§ **WHAT TO PRODUCE**: Pictures do not belong in your copy. Repeat all the other data exactly.

━━━ INFORMATION SHOWN

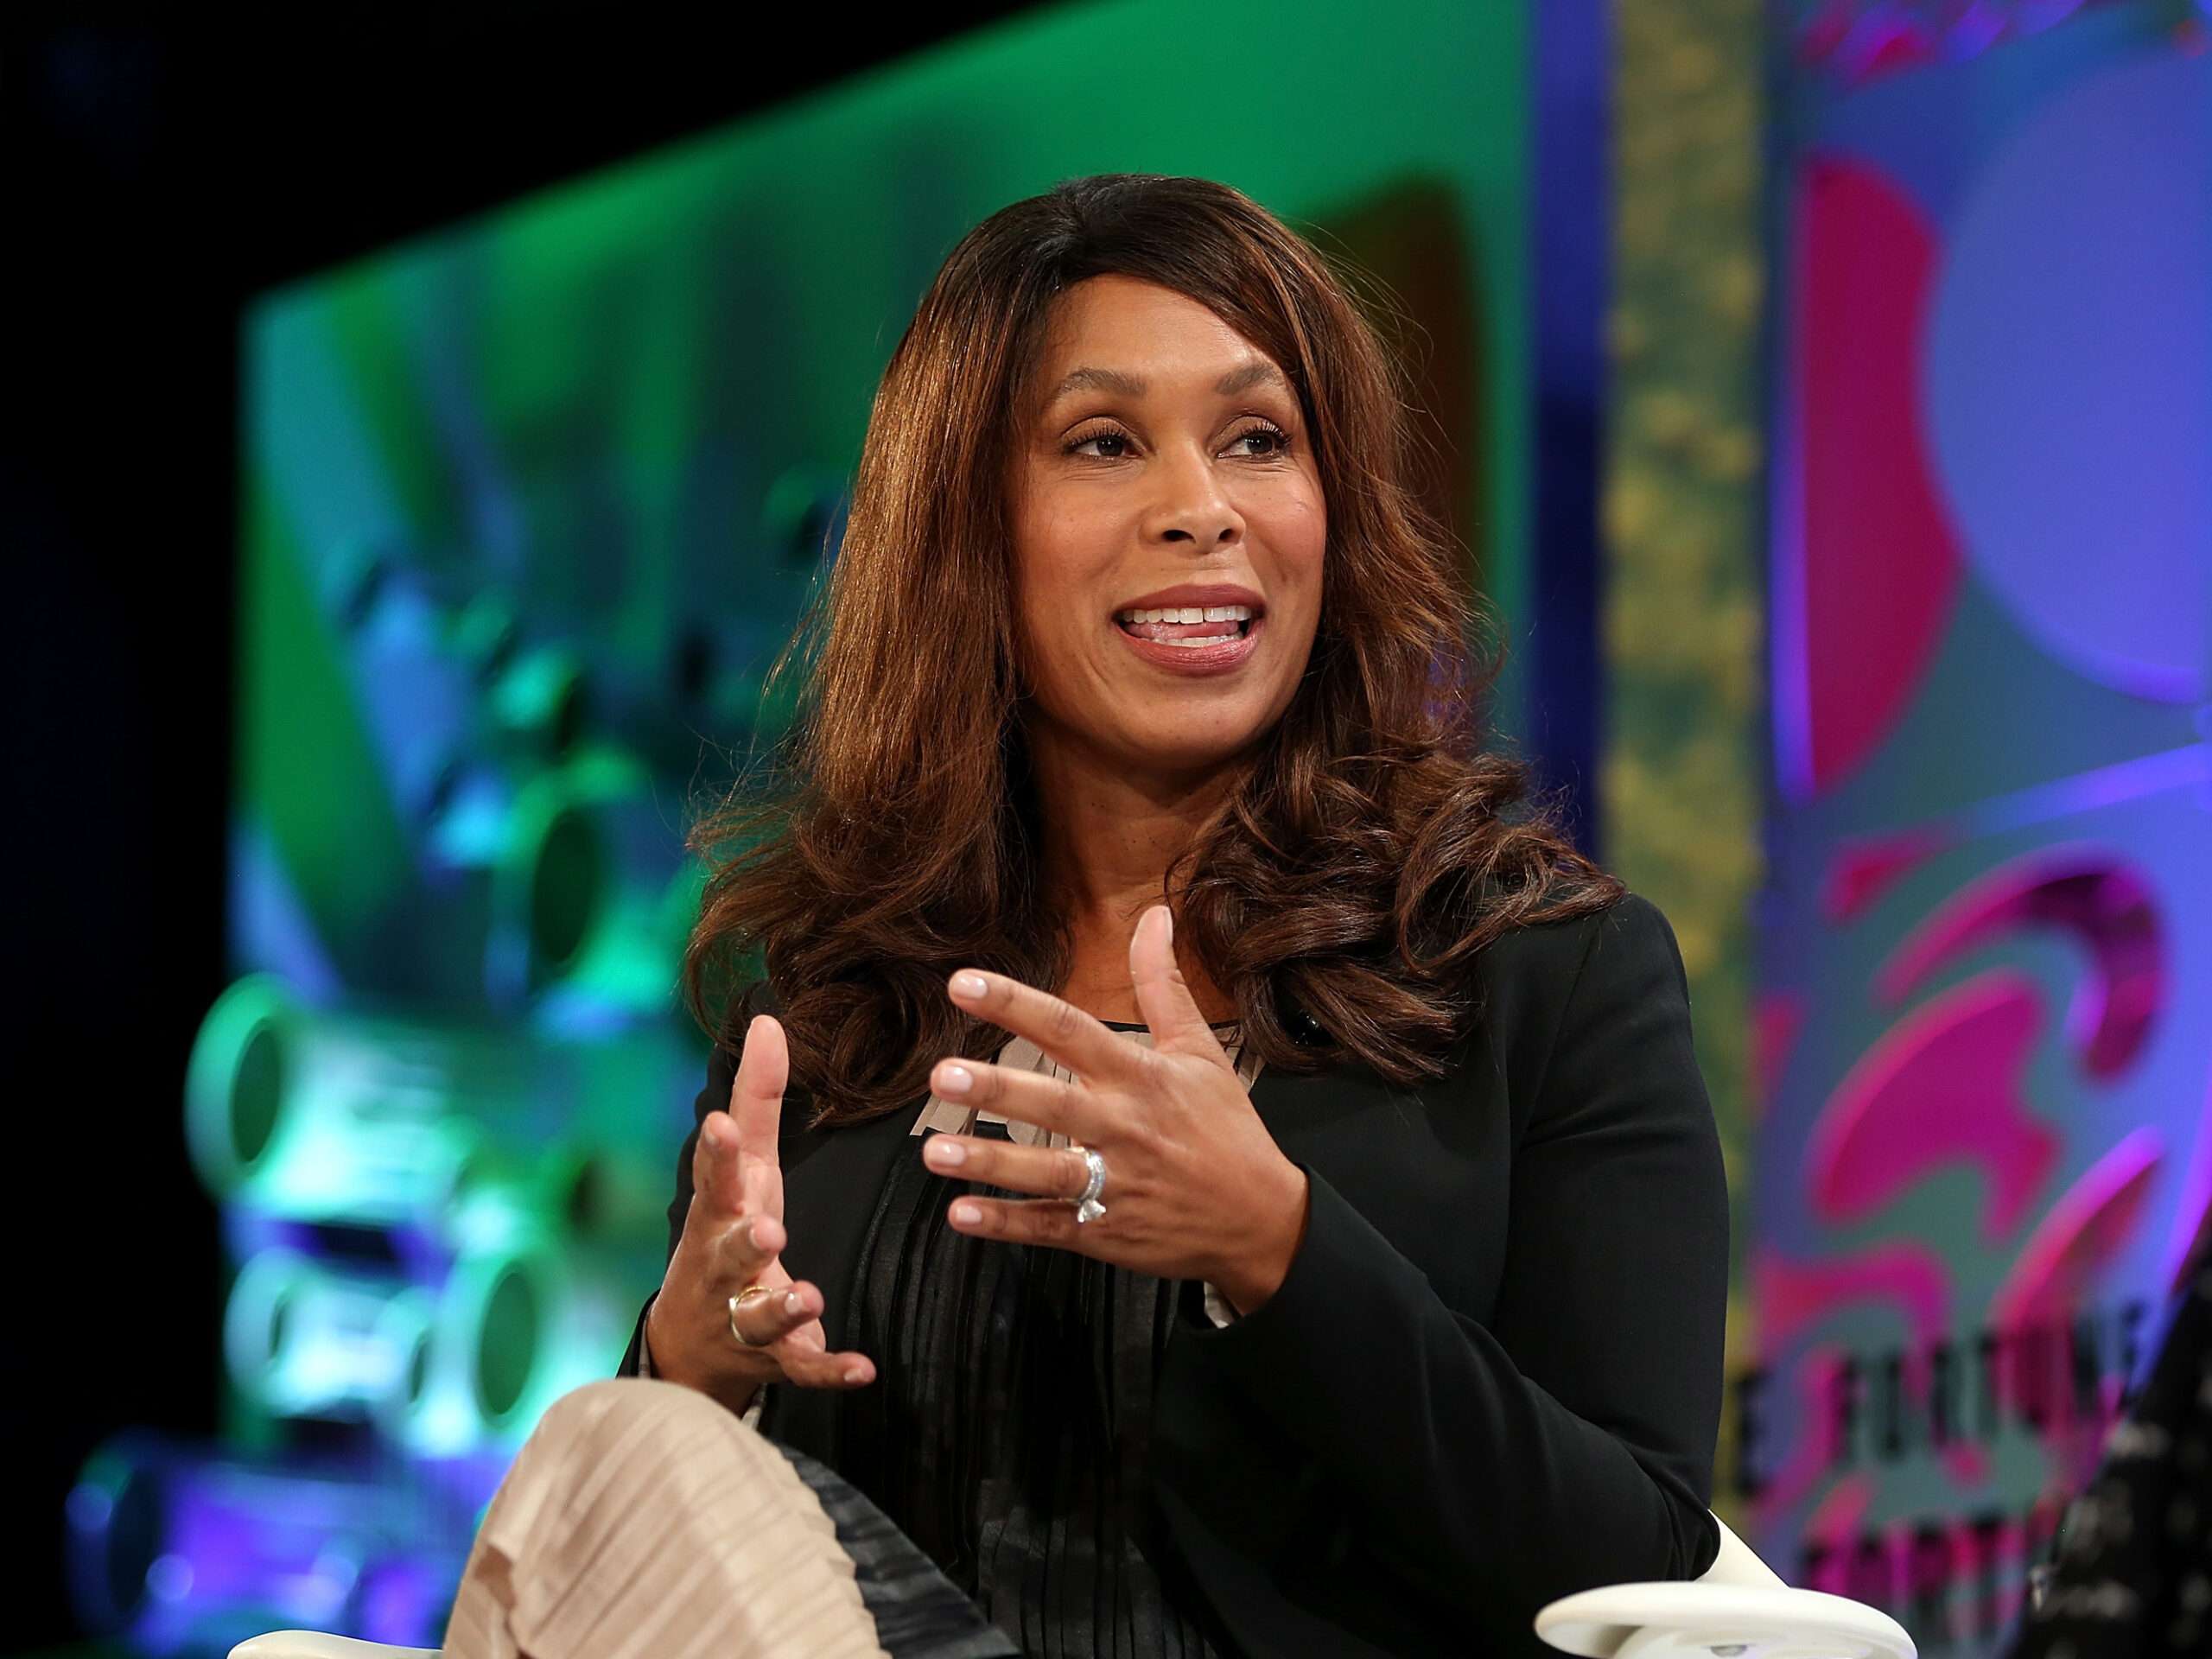 Channing Dungey Biography: Age, Net Worth, Spouse, Family, Warner Bros., Children, Movies
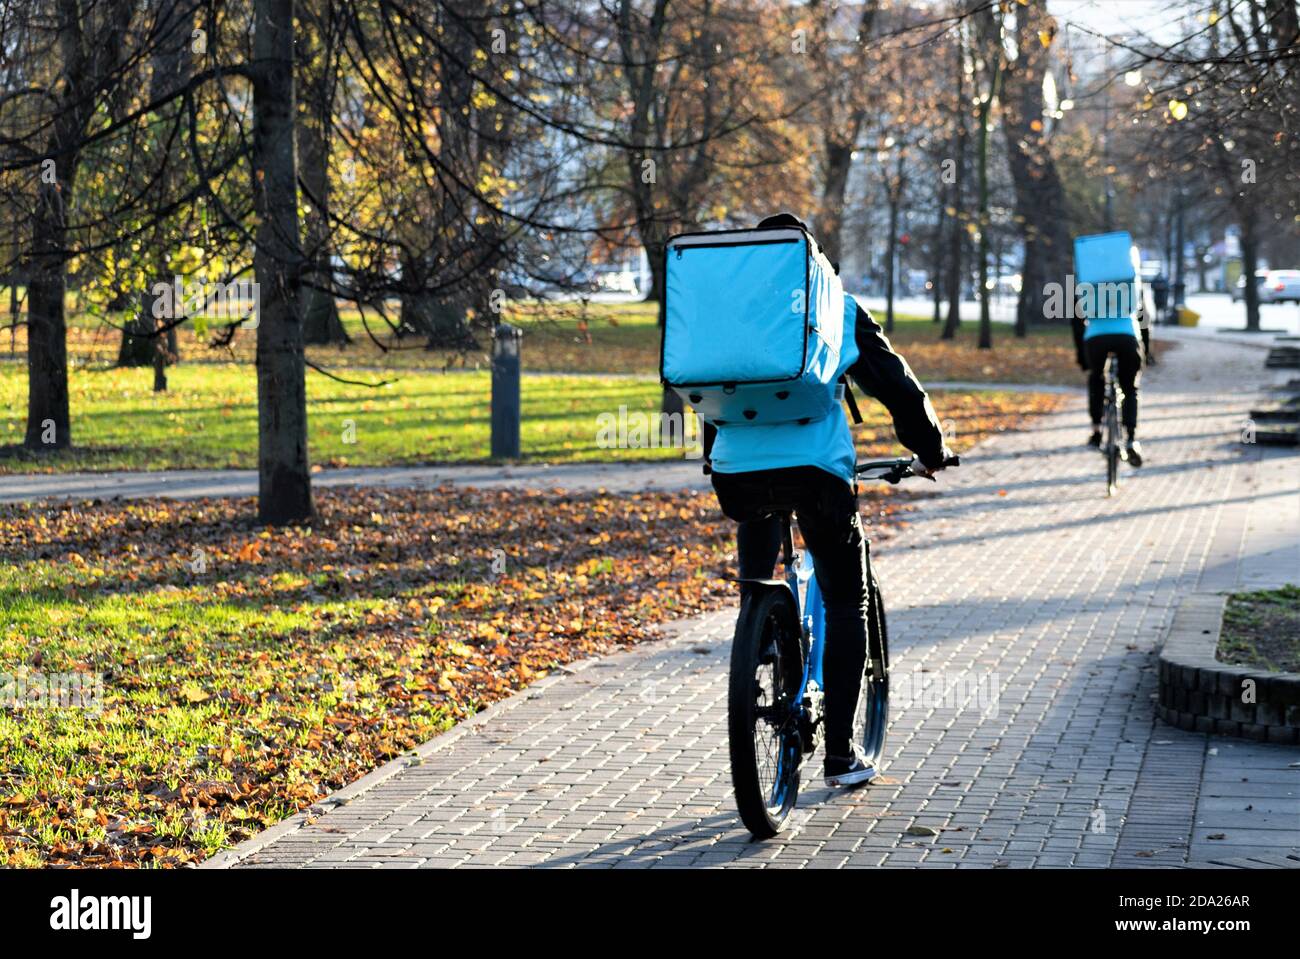 Riders with bike delivering food, online food ordering and delivery service that takes orders via a mobile app during Covid or Coronavirus time Stock Photo
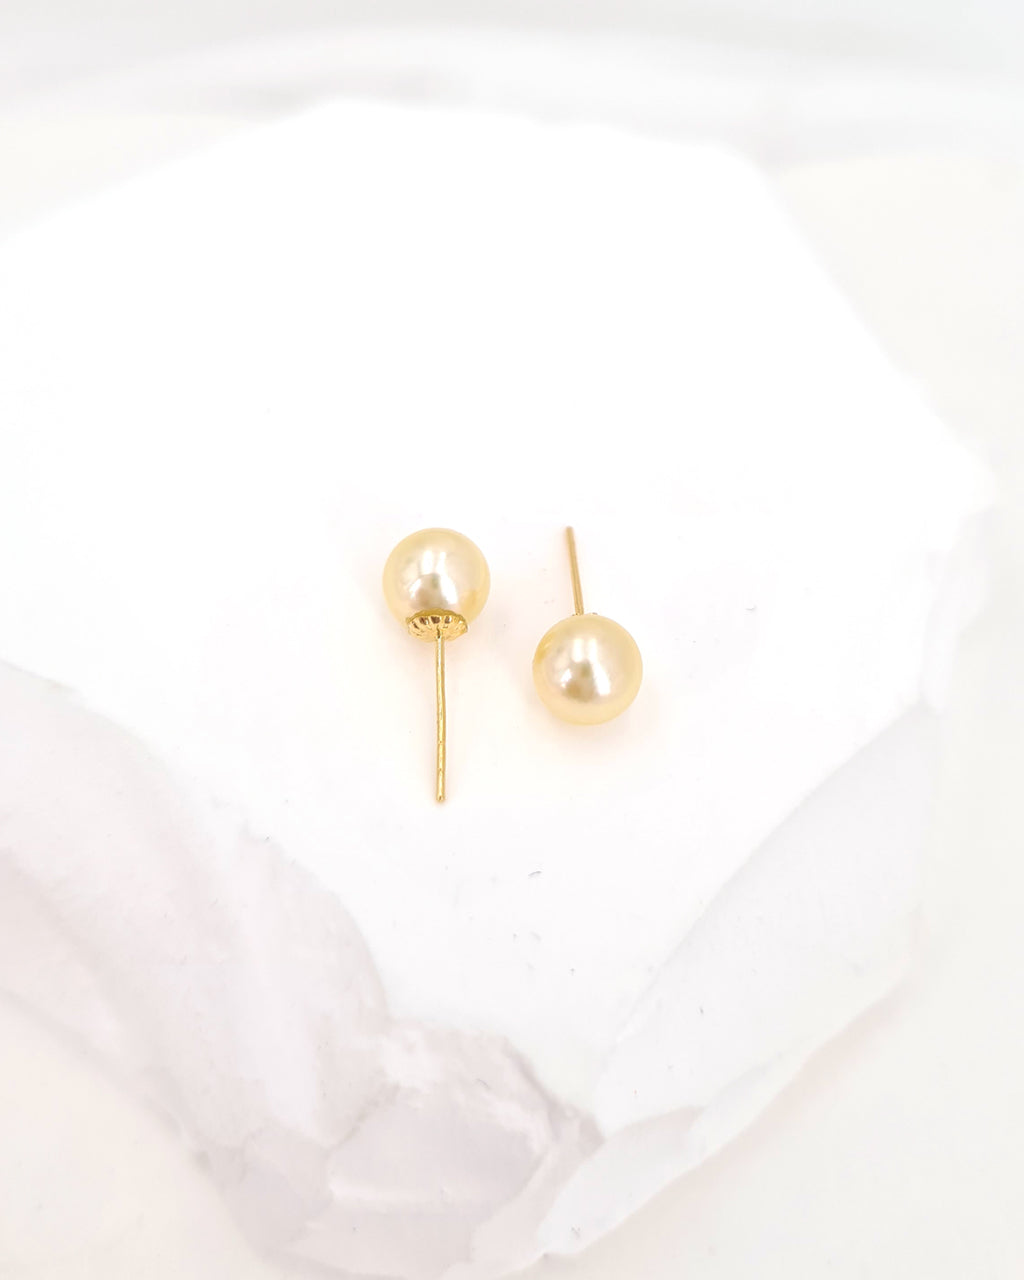 Queen Gold Akoya Sea Pearls 18K Gold Stud Earrings - 5mm to 5.5mm

━━━━━━

§ **SOLUTION TO THE PROBLEM**:
 Channing Dungey Biography: Age, Net Worth, Spouse, Family, Warner Bros., Children, Movies
 Riders with bike delivering food, online food ordering and delivery service that takes orders via a mobile app during Covid or Coronavirus time Stock Photo
 Queen Gold Akoya Sea Pearls 18K Gold Stud Earrings - 5mm to 5.5mm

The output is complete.